Through a close and illuminating reading of ‘gift’ language in five Second Temple Jewish authors (Wisdom of Solomon, Philo, Hodayot, L.A.B., and 4 Ezra), as well as in Galatians and Romans, Barclay demonstrates that Paul belongs within an inner-Jewish debate about the perfections of grace (pp. 189-561). Paul, both like and totally unlike the five Jewish authors, characteristically perfects the incongruity of God’s grace, a facet which he both learned from and catalyzed toward his Gentile mission (pp. 331-574 and esp. 566-9). Likewise, Paul can speak of the superabundance of God’s grace as well as its priority, while at times suggesting its efficacy, but he does not perfect its singularity or its non-circularity (pp. 442-6, 556-61, and 565-9). Paul’s God is not singularly gracious; the Christ-gift does expect a return wherein believers will be judged eschatologically according to their works (pp. 461-74); while God’s grace is superabundant, Paul does not systematically work out its priority or efficacy such that it would appropriate to call his soteriology monergistic. In summary,
‘Paul…explores the incongruity of grace, which he relates to the Christ-event as the definitive enactment of God’s love for the unlovely, and to the Gentile mission, where the gifts of God ignore ethnic differentials of worth and Torah-based definitions of value…’ (pp. 565-6, italics original).

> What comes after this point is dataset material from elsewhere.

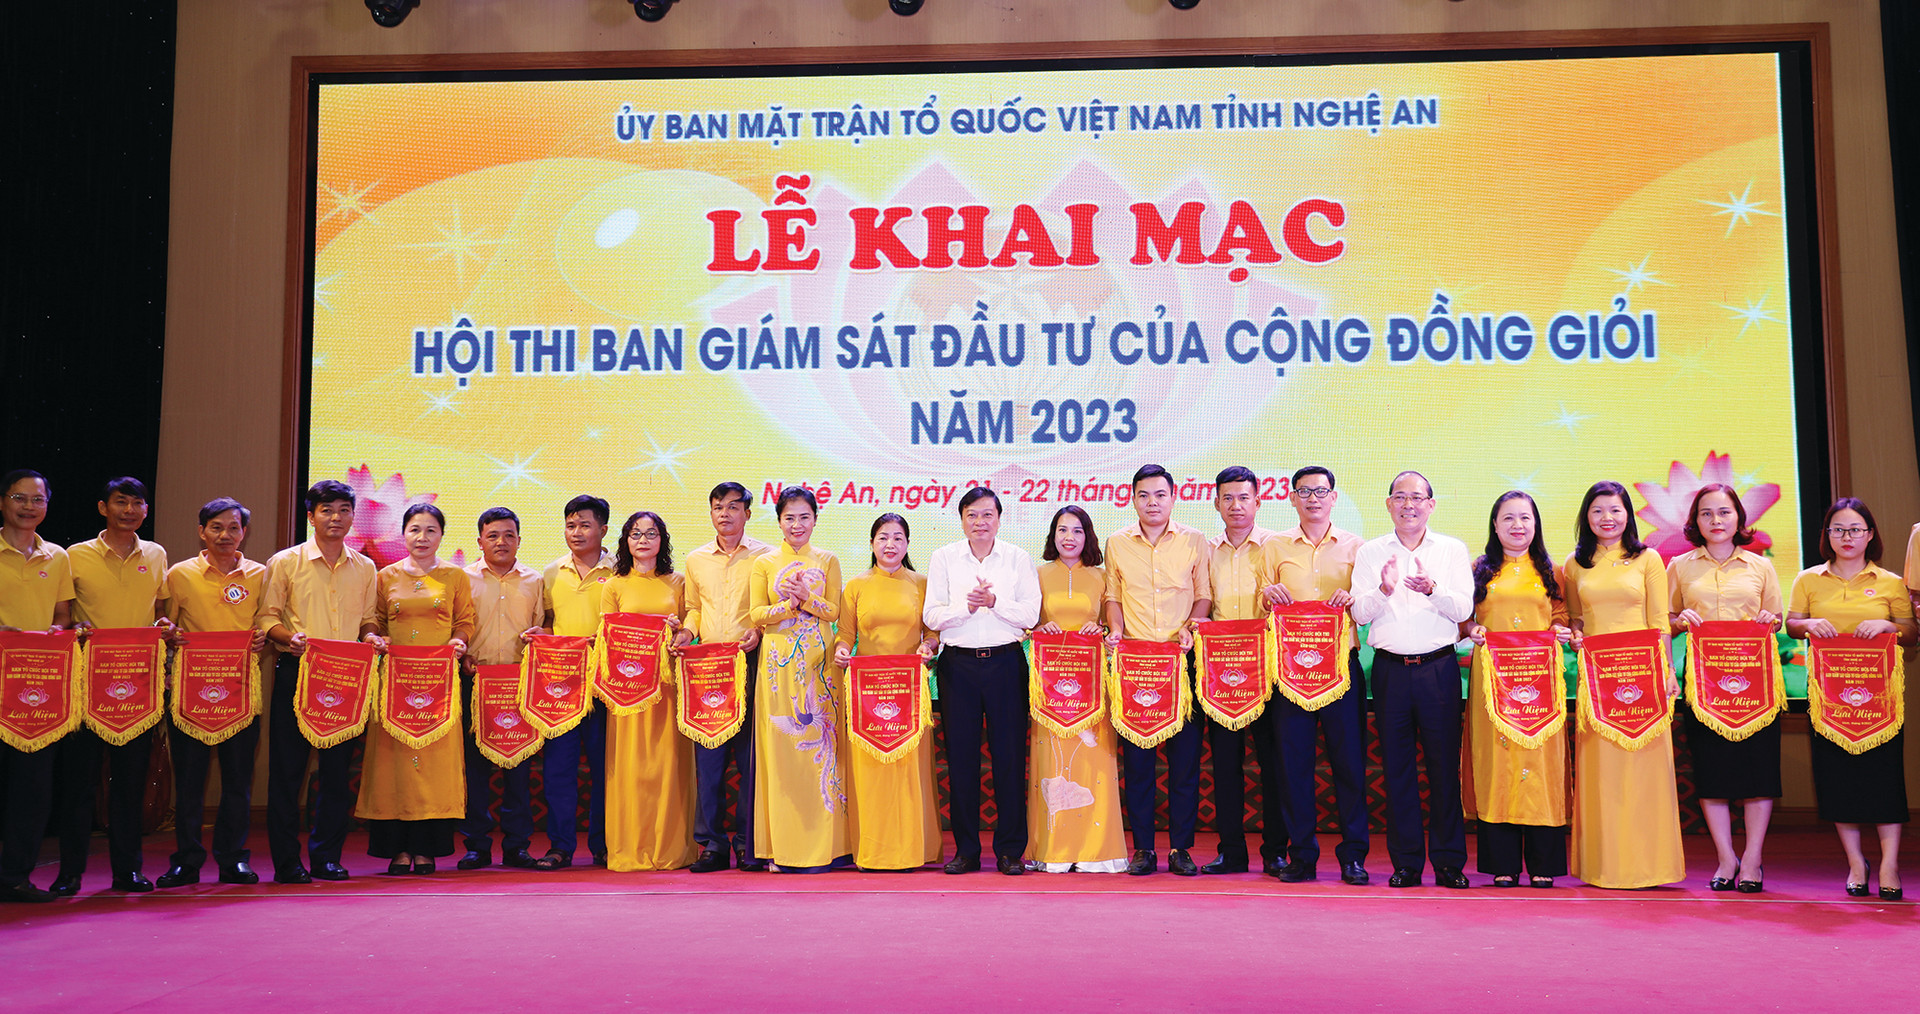 Phó Chủ tịch UBTƯ MTTQ Việt Nam Hoàng Công Thủy cùng đại diện lãnh đạo tỉnh Nghệ An trao cờ lưu niệm cho các đội tham dự hội thi.

What one is left with is a stunning, and utterly compelling, construal of ‘Paul and Judaism on Grace’ and of their contested reception. There remains, however, a particular puzzle about the rhetorical logic of the book as a whole vis à vis the field of Pauline studies. Does Barclay suppose that he is offering solutions to the long-contested problem of ‘Paul and Judaism on Grace’; and/or does he suppose that he is offering a solution as the true center/coherency of Paul’s thought—which is, it seems, a rather different claim (cf. pp. 442-6, and 520-61). To put it another way, it is one thing to demonstrate, quite helpfully, that incongruous grace, and no conception of grace as ‘pure gift’, stands at the heart of Paul’s theology; it is quite another thing, however, to argue that the heart of Paul’s theology is purely incongruous grace.
The Bottom Line: Barclay’s Paul & the Gift is a stunning re-evaluation of ‘gift/grace’ language in Paul vis à vis ancient Judaism, along with a compelling assessment of both in relation to the history of their reception.